Anthony Bennett is a pretty ballsy 1st overall pick, and it's not the way I would have gone. That being said, I can definitely see the appeal and in a draft like this you should follow your gut. He should be able to score and rebound at the next level, and he's going to need to polish his game no matter how they want to use him, but if he can live up to his potential this could be a fantastic snag for the Cavs.

Sergey Karasev was probably one of my 5 favorite players in this draft, has an NBA body at a young age and his three point stroke is absolutely money. In his professional league back in Russia he was one of the single best scorers at only 19, which is almost unheard of in international play. Seems to be very smooth with and without the ball in his ands, won't make too many wrong decisions, and I think he will fit in fantastically with Kyrie.

Carrick Felix was their 2nd round selection, and he's a guy that you can consider a low risk/high reward type. Out of high school he was academically ineligible to play D1 ball, and after two years at a JUCO he was going to go to Duke but apparently missed a math class and was denied admission. So he's got some character issues, but at 6'6" with a 6'9" wingspan and a 38.5 inch vert the kid is athletic. 203 pounds with only 3.3% body fat, and managed 15 bench press reps. He has all the physical tools you could ask for, and will be 23 at the start of next season. His play on the court is encouraging as well, good scorer who can shoot the deep ball, strong rebounder, moves very well without the ball, can finish around the rim, and seems to be a high energy player on both sides. Needs to keep his head on his shoulders, but as the 33rd pick in the draft it was absolutely a risk worth taking.

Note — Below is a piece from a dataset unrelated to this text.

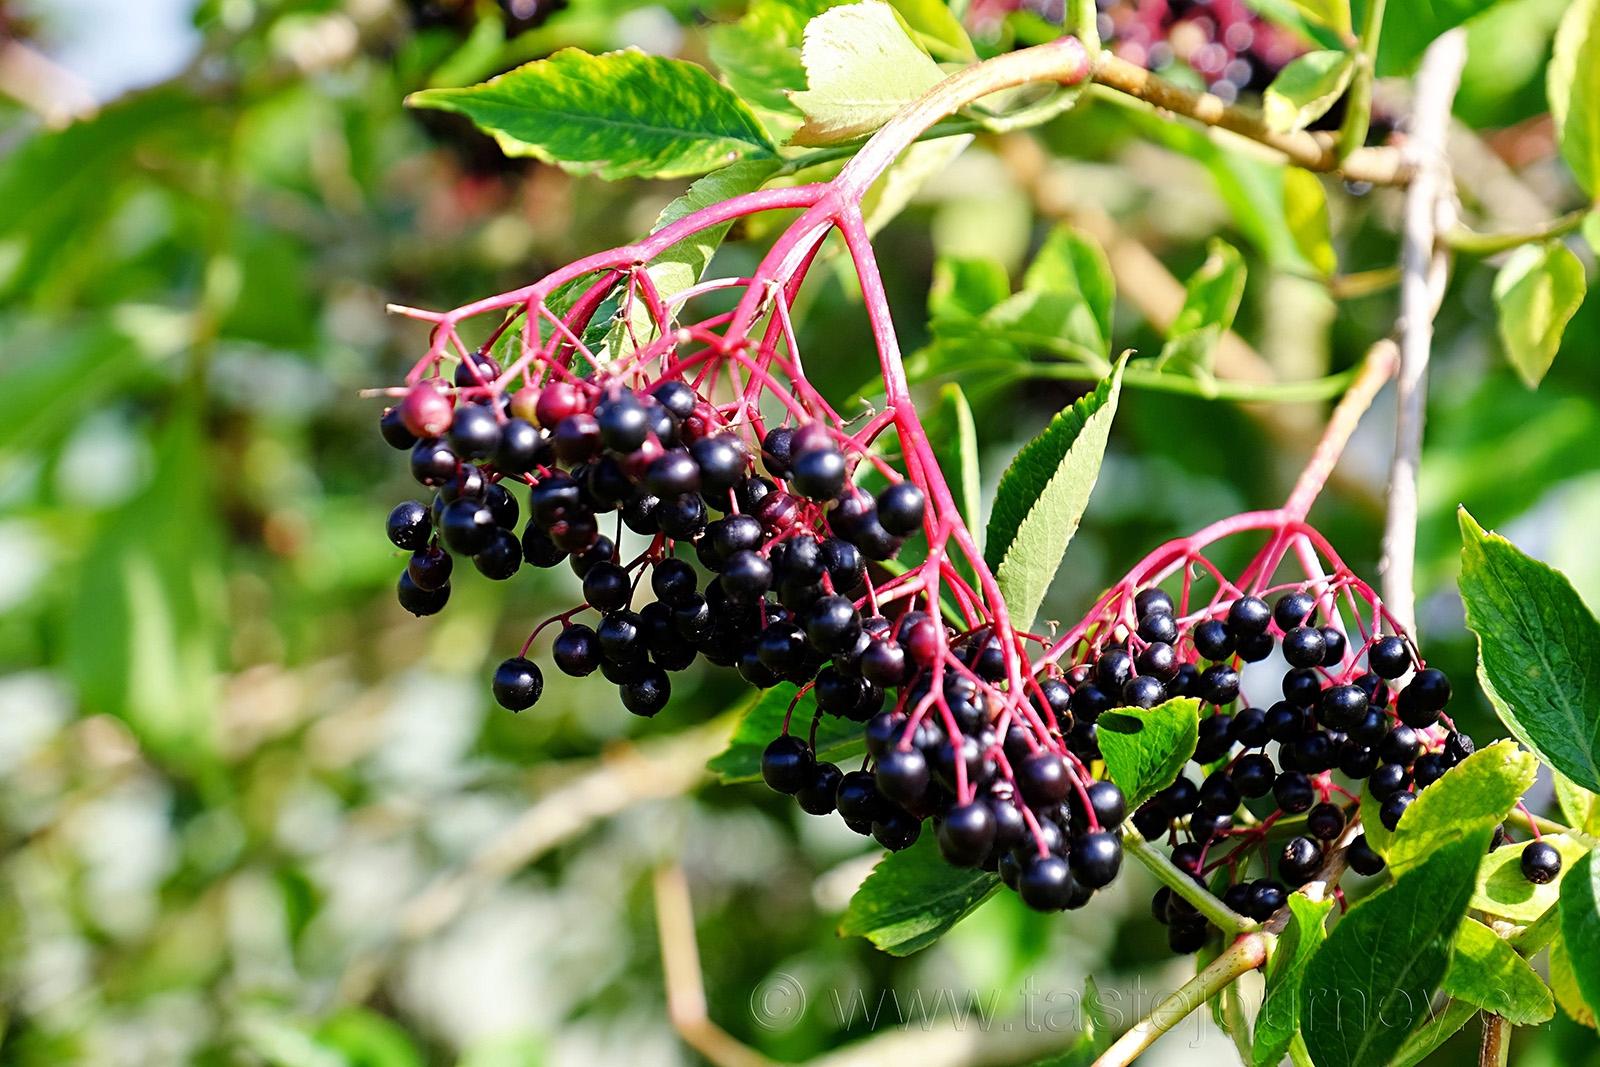 Plody keře Sambucus nigra, tedy černého bezu

All in all I would be very encouraged as a Cavs fan, I wonder if you even want to bring in a big name vet with all this young talent on the roster. Let these guys get their minutes and keep in mind you're going to have to pay the ones you want when it's their time.


----------



## Basel (Mar 31, 2005)

I really don't know much about any of the guys Cleveland drafted. But the last couple of times they've had the 1st pick, they've done it right. I trust that they've done it again until they prove me wrong.


----------



## BlakeJesus (Feb 1, 2006)

I get the feeling Kyrie and Karasev are going to play quite well with eachother. He could end up being an absolute steal.


----------



## R-Star (Jun 13, 2002)

Canadians drafted first overall in consecutive years.

Gotta love it.


----------



## StevenMaxwell (Sep 11, 2013)

Cavaliers have a really bright future in store!


----------



## RollWithEm (Jul 16, 2002)

StevenMaxwell said:


> Cavaliers have a really bright future in store!


I'm still totally skeptical at these draft choices. This could backfire in a big way.


----------